The call for a definition is pertinent
to the Labour Relations Amendment Bill, which is part of a labour law
regime overhaul criticised by business as "regressive".
The commission appears to be at odds
here with the Congress of SA Trade Unions, which last month called
for more flexible processes defining essential services.
The NPC's proposals on probation
periods also seem to call for fine-tuning in the bill, which calls
for all employers to be considered permanent staff after six months.

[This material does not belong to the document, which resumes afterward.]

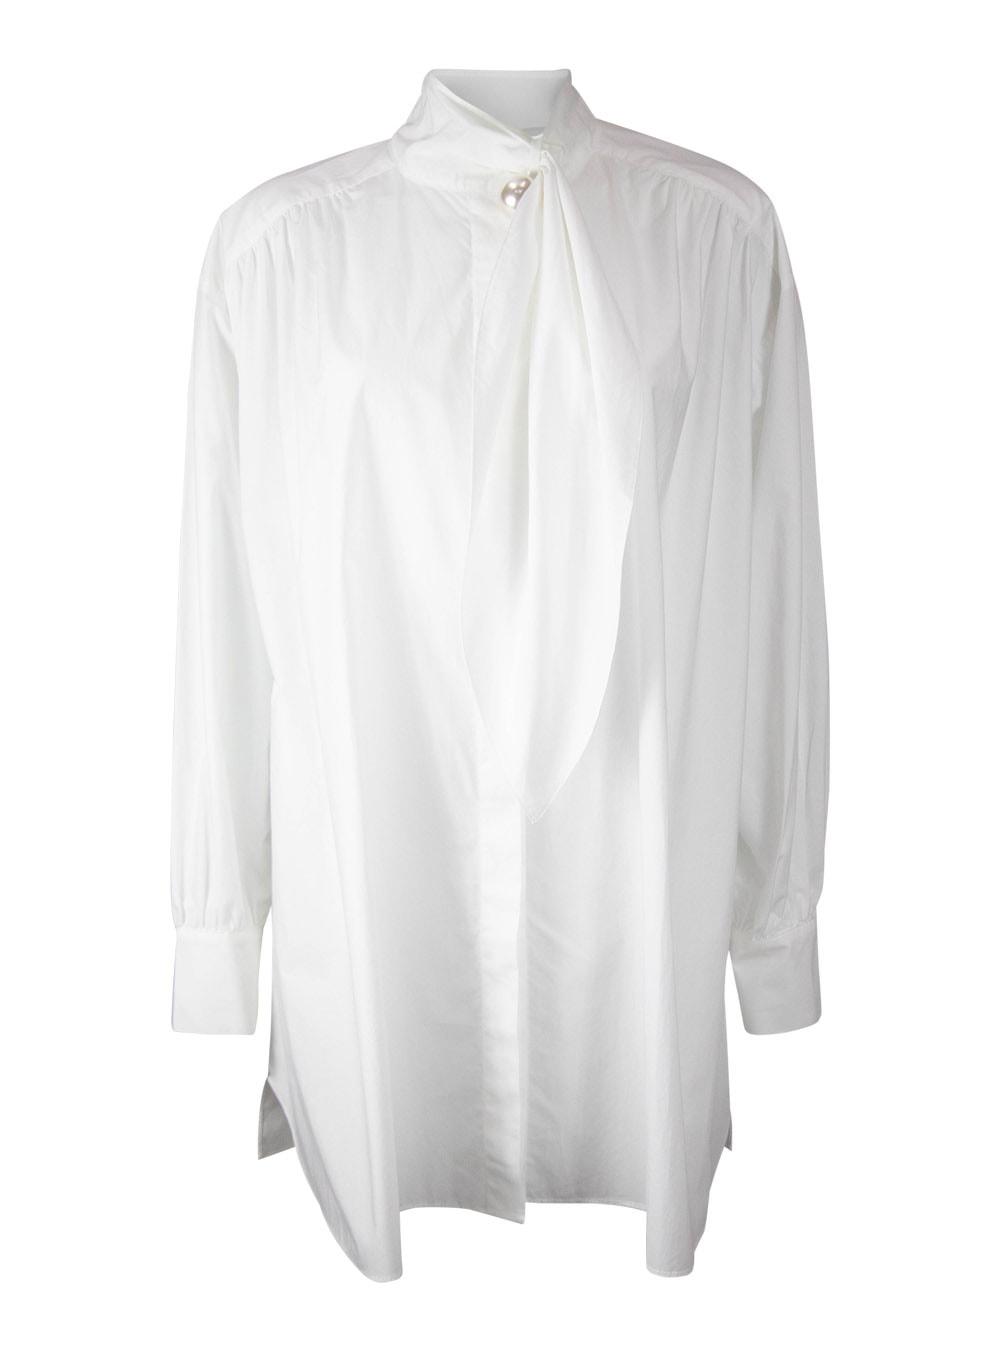 Pearl Button High Collar Shirt Societya

It said it should be clear in law that
employers can appoint workers on a probation period of up to six
months without ordinary, unfair dismissal protection coming into
play.
"Uncertainty about the application
of current provisions undermines the willingness of firms to hire
inexperienced workers."
Overall the NPC maintained its
original, cautious call for greater labour market flexibility,
without demanding drastic law changes.
It said the market must become more
responsive in order to expand employment opportunities, and allow the
country to move "progressively" to the vision of decent
work.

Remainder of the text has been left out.